The Camiro Micro Bolter is an electric-hydraulic unit on crawlers. “It looks more like an in-the-hole crawler unit with a funny kind of folding table on the front and a boom that has quite a bit of dexterity to it,” said Rennie. “It’s not a mobile piece of equipment. It has to be put on a skid or towed from level to level, but it does move on its own when plugged into a 600-volt grid.”
The bolter has a comfortable chair, but is also equipped with wireless remote controls, allowing the operator to stand beside it. “It’s not hands-off by any means, said Rennie. “There is still some labour required to change the steel when you’re in a very low back, and you have to handle the screen and bolts. “In a nine-foot back, you can put in a six-foot rebar or bolt.
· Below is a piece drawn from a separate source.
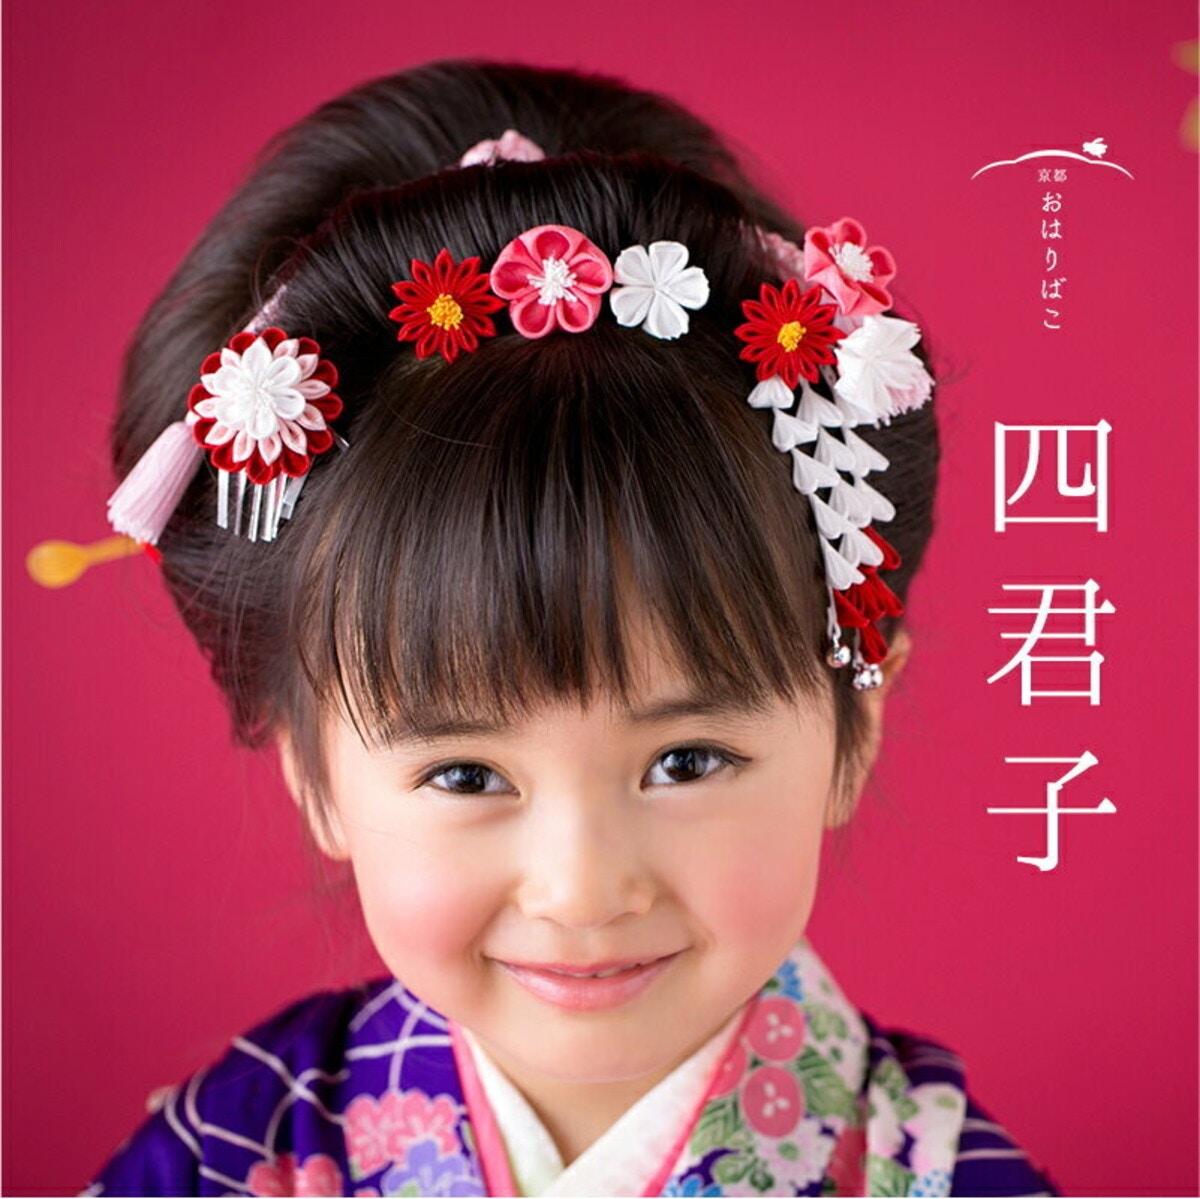 七五三 髪飾り 三歳 【三歳用】四君子(梅・菊・撫子)両飾りパッチンセット

In an eight-foot back, you have to drill a four-foot hole, and change to a six-foot steel to finish the job. I don’t know of any other machine that allows you to put in a six-foot bolt in that low a back.”
The design allows the operator to handle screen, bolts and steel under protected ground and provides easy access to the back to install screen hooks or resin cartridges without the aid of additional ladders.
Testing
The bolter was first tested at the NORCAT experimental mine in Sudbury, but only to fine-tune the unit mechanically. The true test occurred at Vale Inco’s Coleman Mine, where jackleg/stopper miner and jumbo driller Mike Morrison put it through its paces.
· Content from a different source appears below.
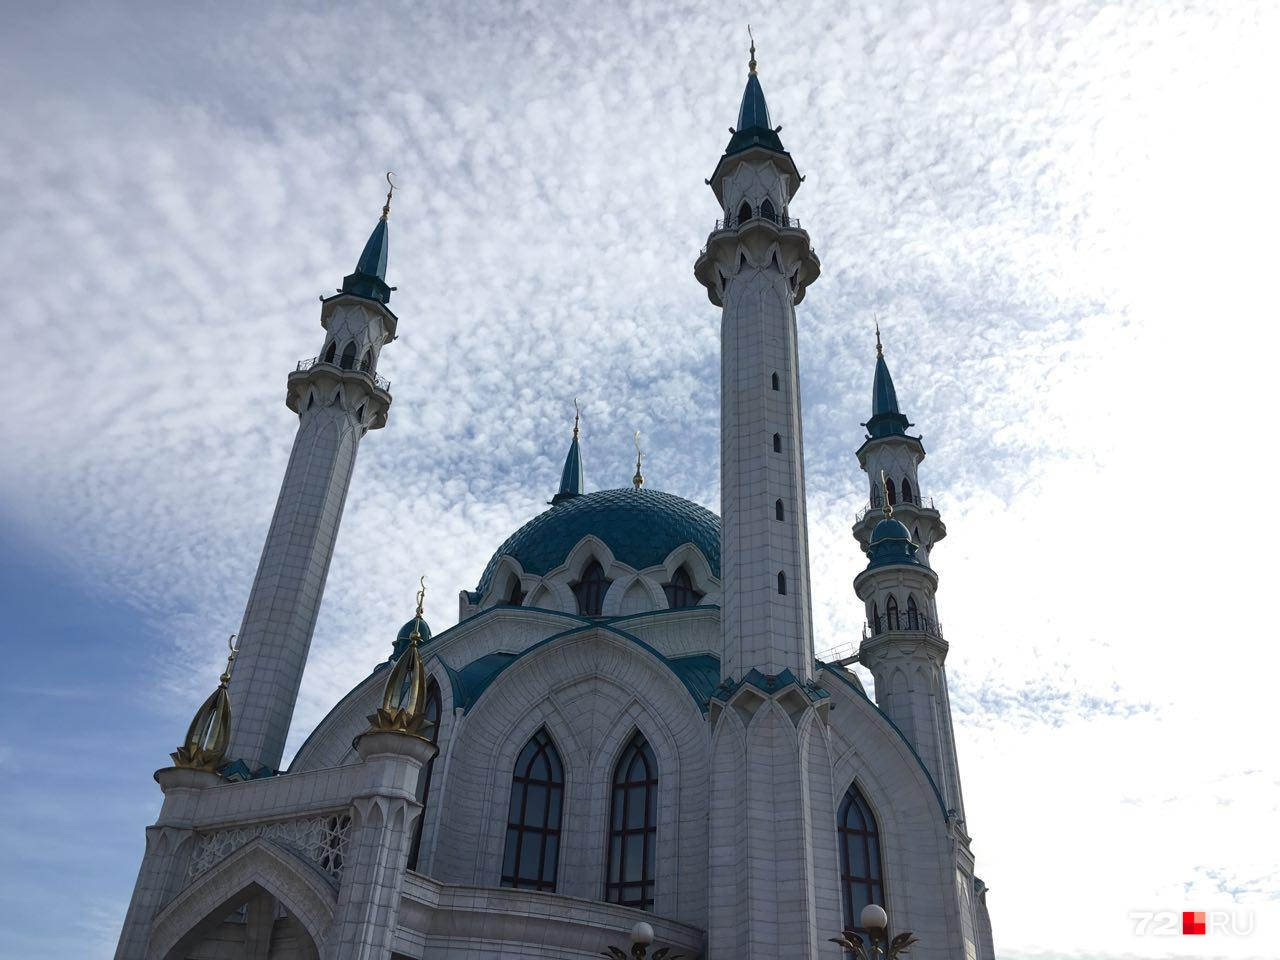 Мечеть Кул-Шариф построена в 2005 году и является одним из символов столицы Татарстана

“He told us outright that he would treat the machine like he would treat any other machine. He had a very positive attitude and was absolutely phenomenal to work with,” said Rennie. “We’re not equipment operators. We’re engineers, and you can’t put an engineer who has never done that kind of work behind a piece of equipment like that.” A few design changes will be made as a result of the trial, but according to Rennie, the bolter performed the job as expected and qualifies as a technical success. The next step is to find someone to manufacture it and take it to market. “Achieving a technical success is fine. It’s thumbs up for me, but it would still be better if it were also a commercial success,” he said. “I’ll work with someone to make it happen and we might even make the first few units, but we’re not in the manufacturing business. Our focus is design and prototyping.”
The market for the micro bolter is limited, but would be of interest to a handful of mines in Northern Ontario, Quebec and Manitoba, said Rennie. Coleman Mine would need several units and Barrick would have an application for it in Nevada. Potential also exists for sales in Mexico, Peru, Brazil and Africa, but “they’d have to get over the cost issue.”